A load of this kind, combined with special nutrition for growth and determination, can give good results; you can increase your height by up to 10 cm! And this, you see, is not little.

The effect will be visible only if exercises on the horizontal bar are performed correctly to increase height. Be sure to alternate tension with relaxation. All this is done in free hanging. Under no circumstances jump off the horizontal bar after finishing the exercises. All results from such actions are reduced to zero. Do not work too hard during training to increase height on the horizontal bar; it will be enough to perform four to six exercises in one workout. Each exercise must be performed 6-8 times. Always remember to breathe correctly, the effectiveness of the exercises depends on it. Always inhale when pulling up or raising your legs, and exhale when lowering. Try doing the opposite and you will see how much harder it becomes to do the exercises.

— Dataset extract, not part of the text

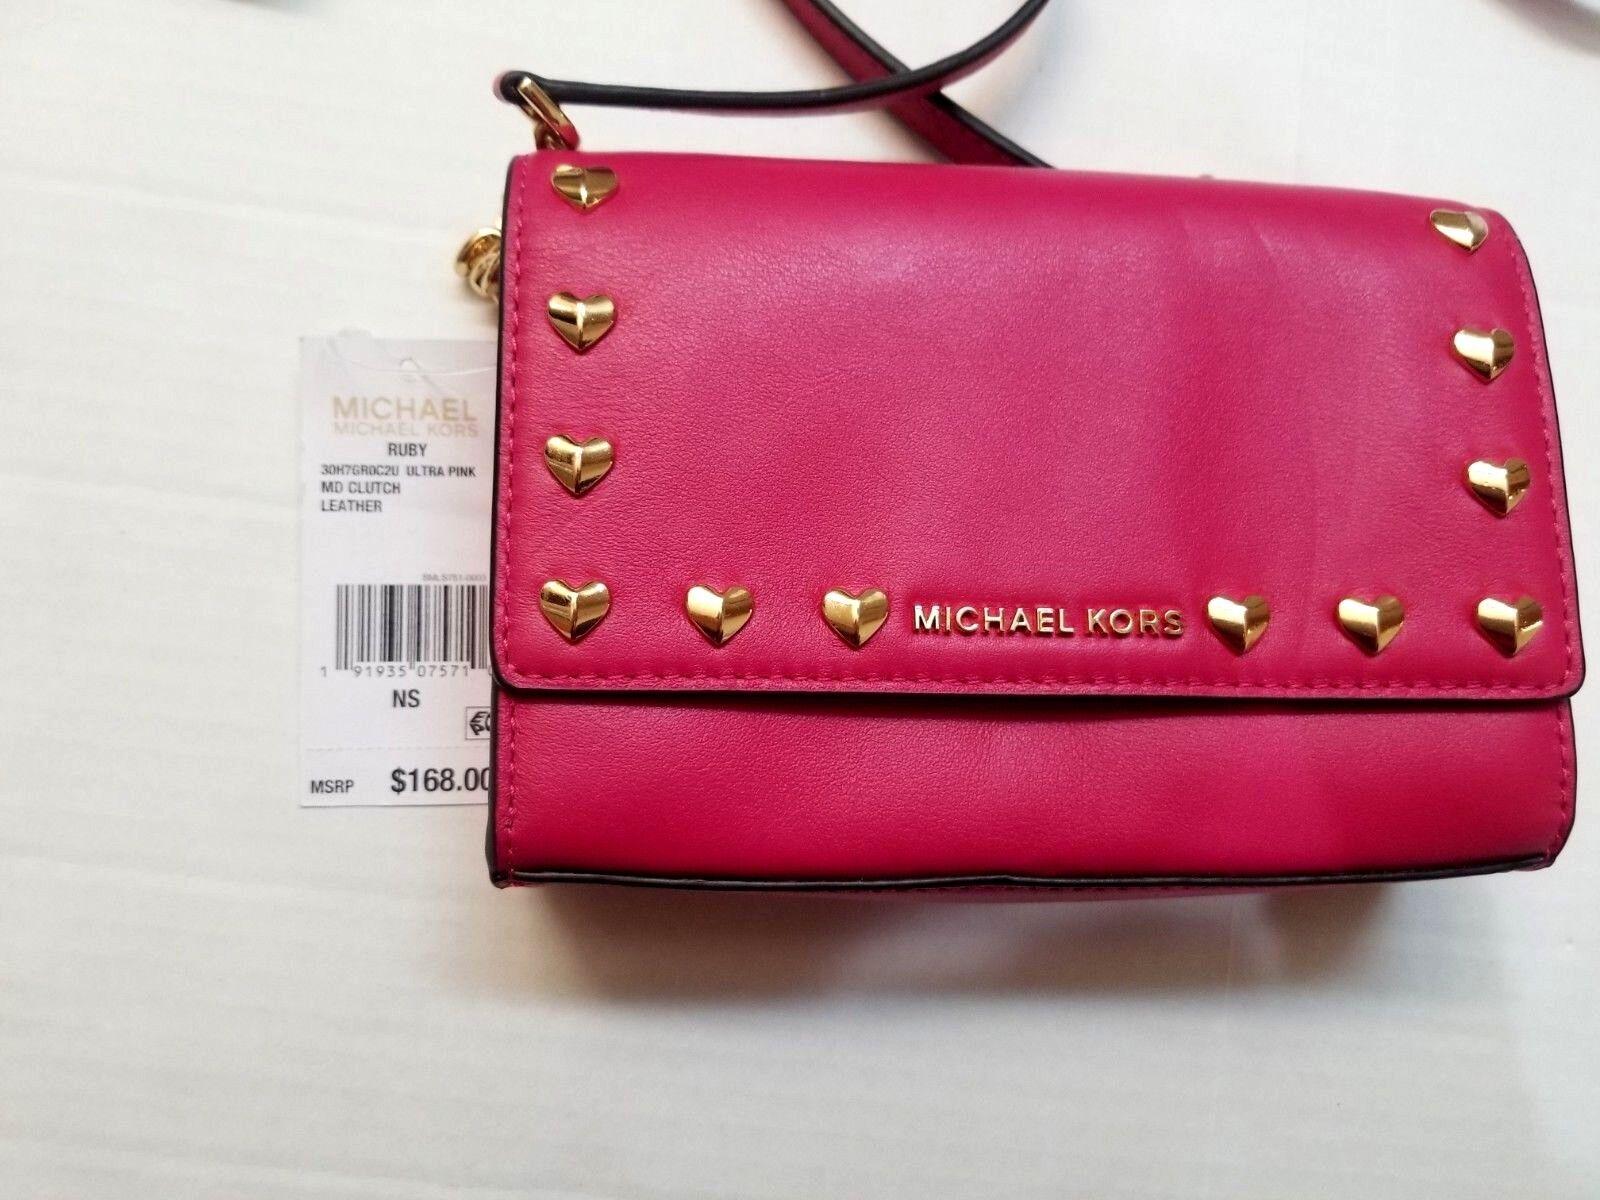 172ed7329047 Michael Kors Ruby Heart Stud Clutch Crossbody Bag Ultra Pink 30h7gr0c2u for  sale online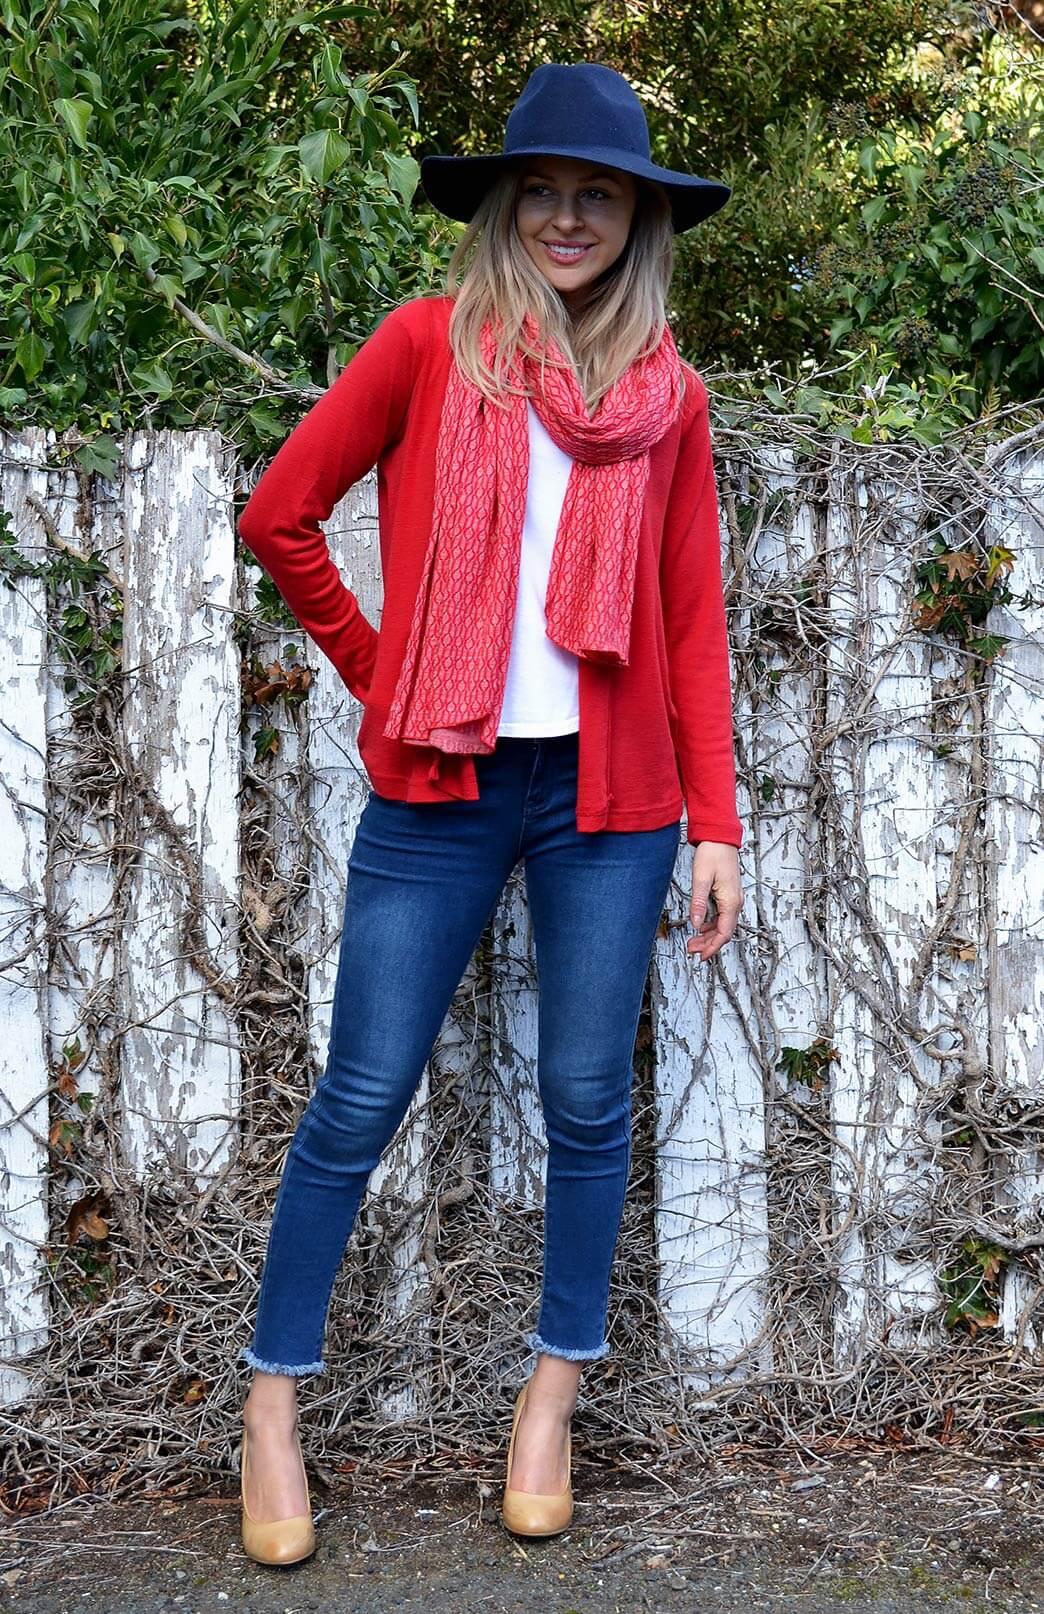 Mini Drape Cardigan - Women's Flame Red Merino Wool Maternity Drape Cardigan - Smitten Merino Tasmania Australia

to increase your height . Of course, you don’t need to do them all at once, and it’s unlikely that you will succeed. The program is divided into 3 parts according to difficulty levels. The program must be mastered gradually. If you are a beginner, start from step 1. If you are physically well prepared, you can move on to the next level.

Execution technique

Initial position

  • The weight is attached to a belt with a chain to the waist;
  • You should not hang it on your feet or put it on your ankles, this will only deprive the body of stability and will not allow you to pull yourself up effectively;
  • You need to place a support next to the horizontal bar to safely accept the hang;
  • The grip width is comfortable, slightly wider than the shoulders; in the future you can experiment with the grip;
  • While hanging on the horizontal bar, you need to tighten your stomach, tense your back so that your shoulders do not rise to your ears, and concentrate.

Movement

  • The movement begins with the convergence of the shoulder blades;
  • Then the athlete bends his elbows and pulls his chest towards the bar;
  • After this, it lingers a little at the peak point of muscle contraction, straining the back;
  • Smoothly falls down;
  • The weight can be held with your feet so that it does not swing on your belt.

Weighted pull-ups. Which is correct? Equipment for mass, for strength

Attention

  • The body should be inclined in relation to the horizontal bar at an angle, and not hang so that the axis of the spine is perpendicular to it;
  • You should not push with your feet and jump up to take the starting position, use support;
  • Throwing your head back and straining your neck is dangerous for the cervical spine;
  • Kipping pull-ups with weights is not a safe idea; it can lead to injury to the shoulders and spine. If you want to improve your kipping, change the apparatus to rings rather than hanging weights;
  • From the point of view of the biomechanics of movement, the safest equipment is a weighted vest, and not weights on the belt.

If you want to develop endurance, develop your hands, shoulders and strengthen your spine, we recommend regularly practicing hanging on the horizontal bar. This simple exercise will help strengthen tendons and muscles, make the body resilient and flexible. Some people claim that if you hang on the horizontal bar regularly, you can grow! Today we will talk about the benefits of this simple exercise, who can and who cannot do it.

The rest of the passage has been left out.